> _Study material_:
[Start of Attachment]
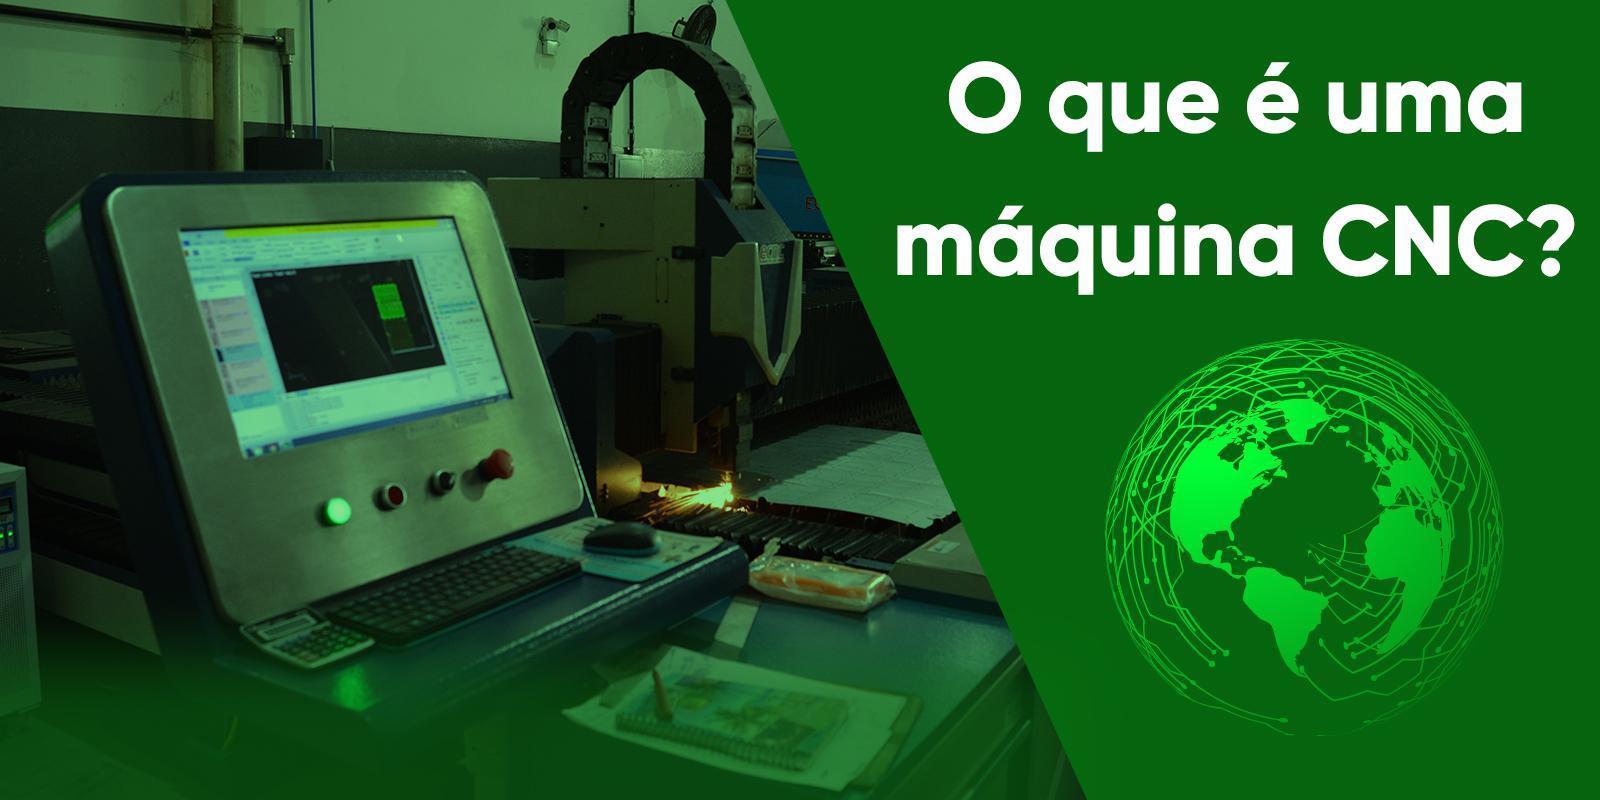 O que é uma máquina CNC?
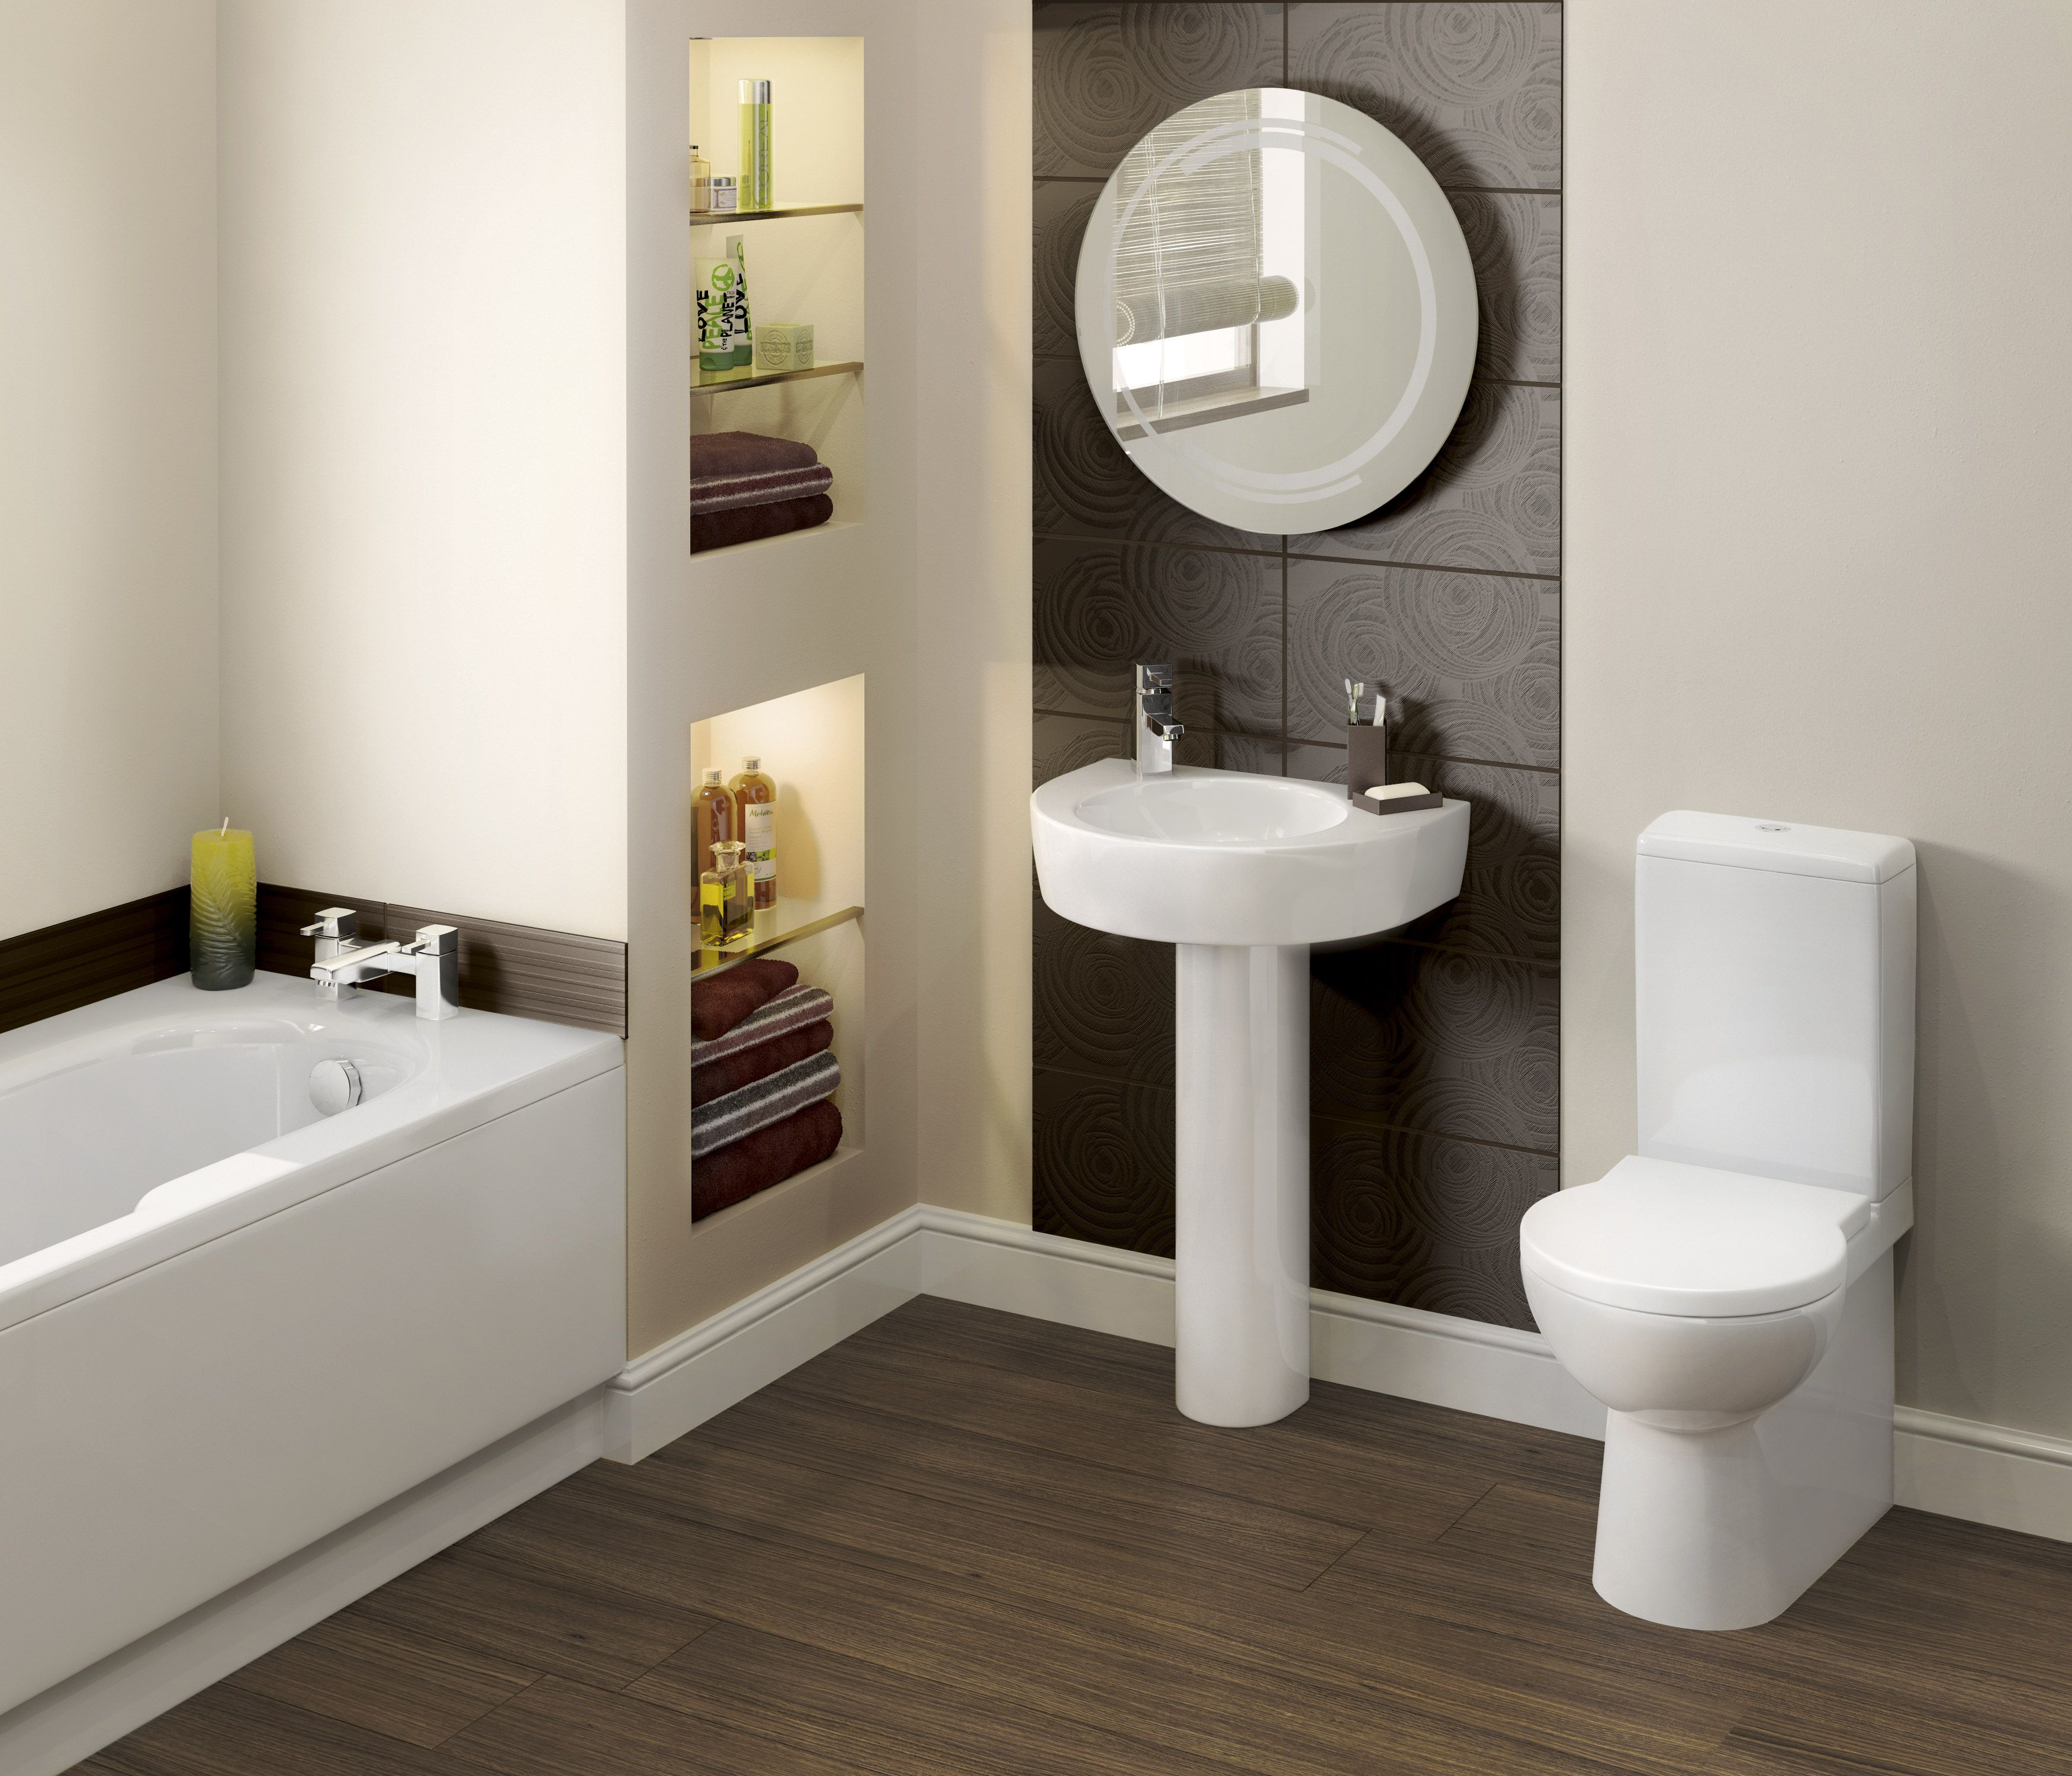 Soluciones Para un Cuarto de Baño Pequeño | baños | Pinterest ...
[End of Attachment]
[Start of Attachment]
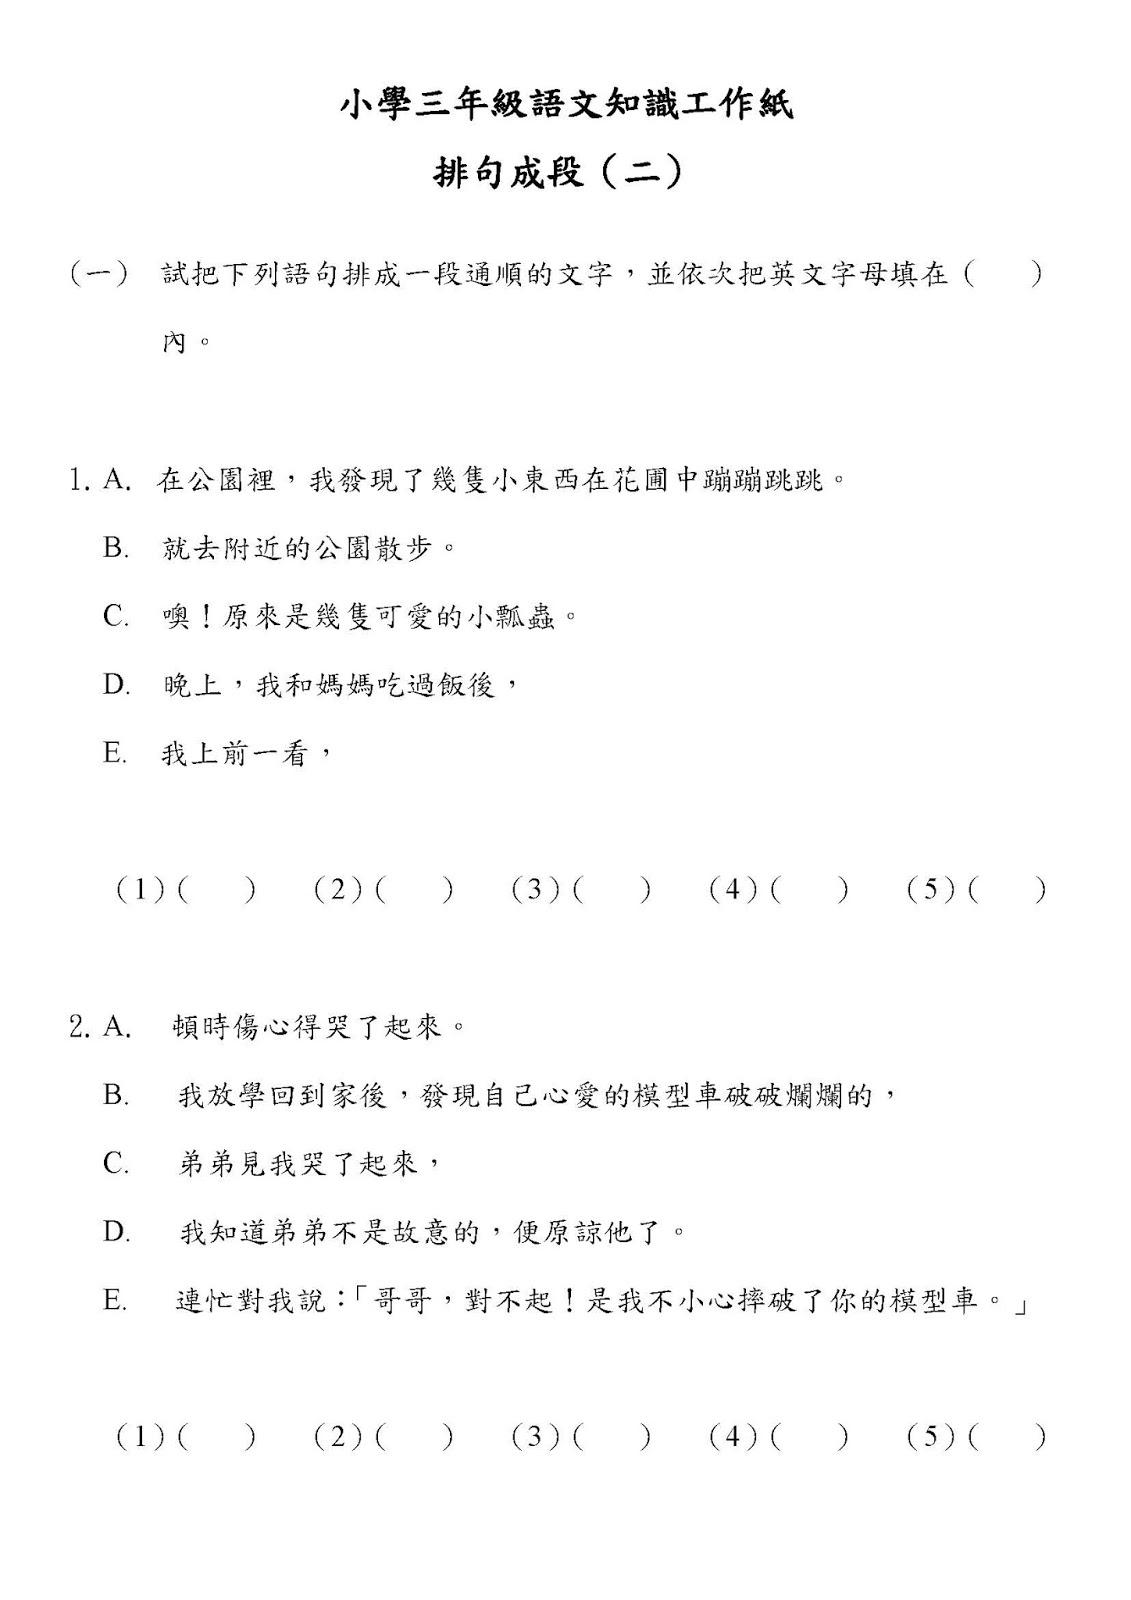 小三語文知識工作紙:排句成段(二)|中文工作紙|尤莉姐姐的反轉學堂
[End of Attachment]
[Start of Attachment]
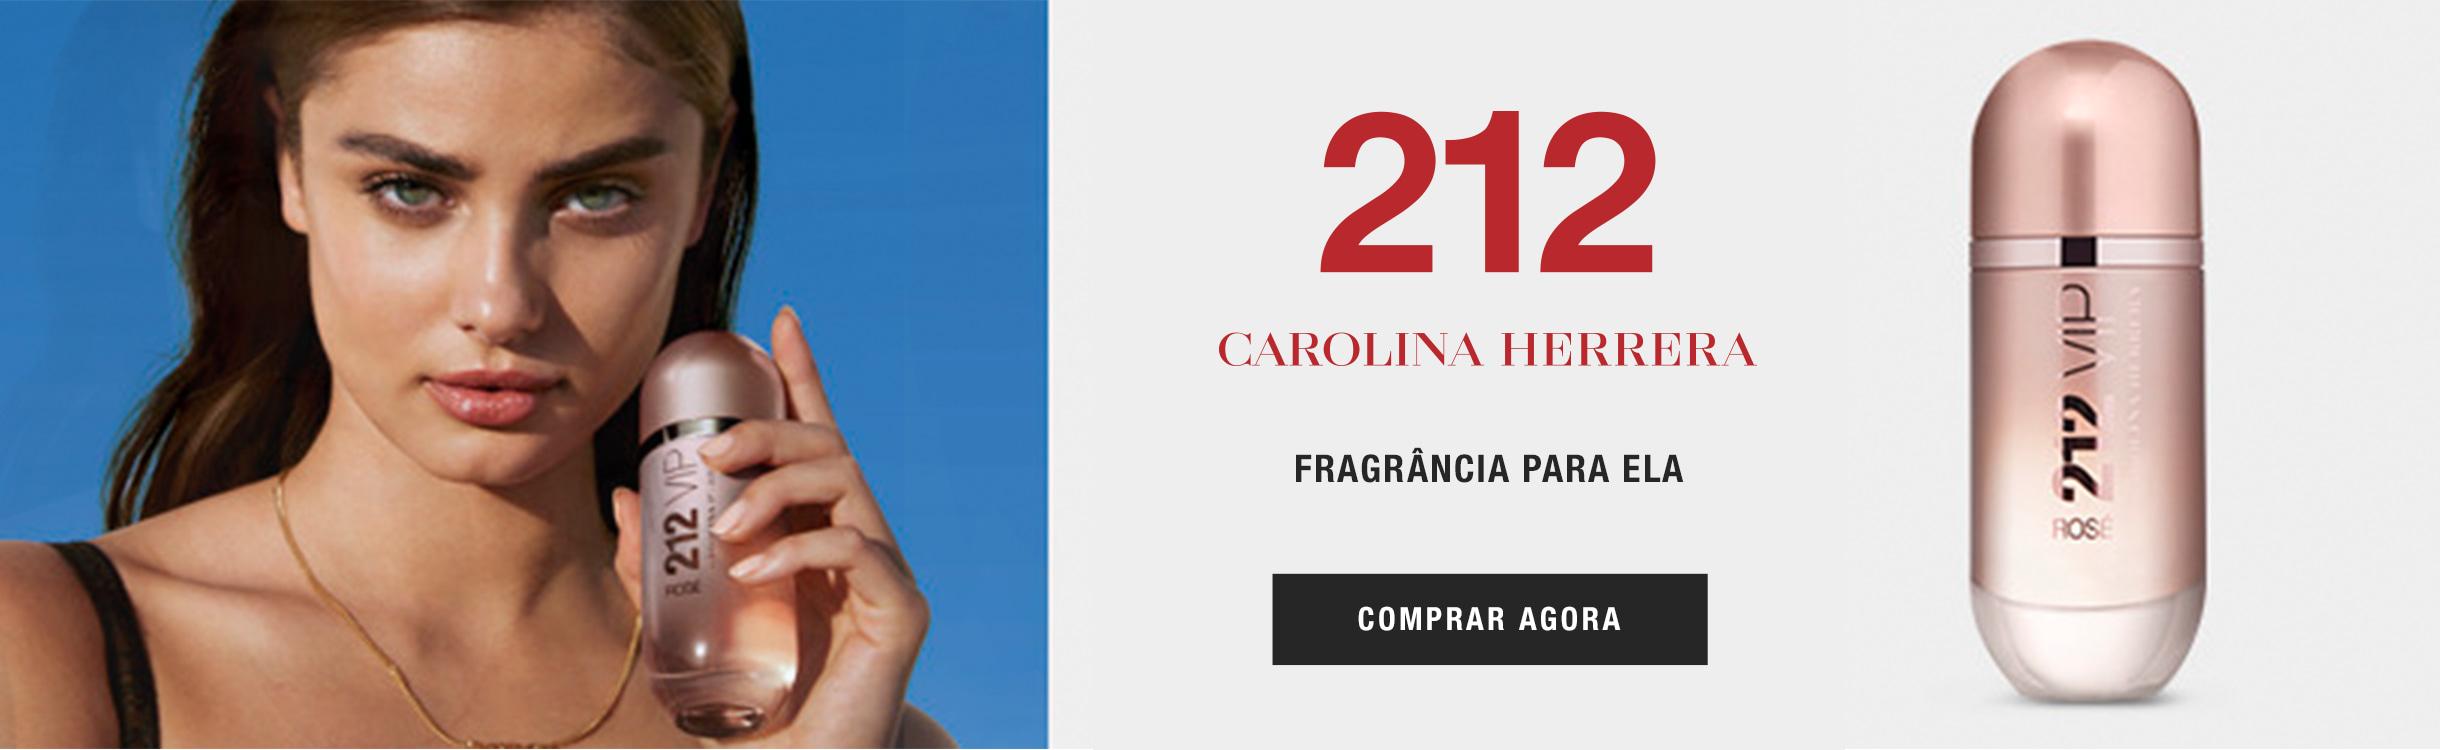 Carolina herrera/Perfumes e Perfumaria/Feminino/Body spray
[End of Attachment]
> _Description of the task_: Skipping the pictures, print the lines in the listing above exactly as written, starting at the line with "O que é uma máquina CNC?" and ending at the line with "Soluciones Para un", both included.

> _Result_:
 O que é uma máquina CNC?
 Soluciones Para un Cuarto de Baño Pequeño | baños | Pinterest ...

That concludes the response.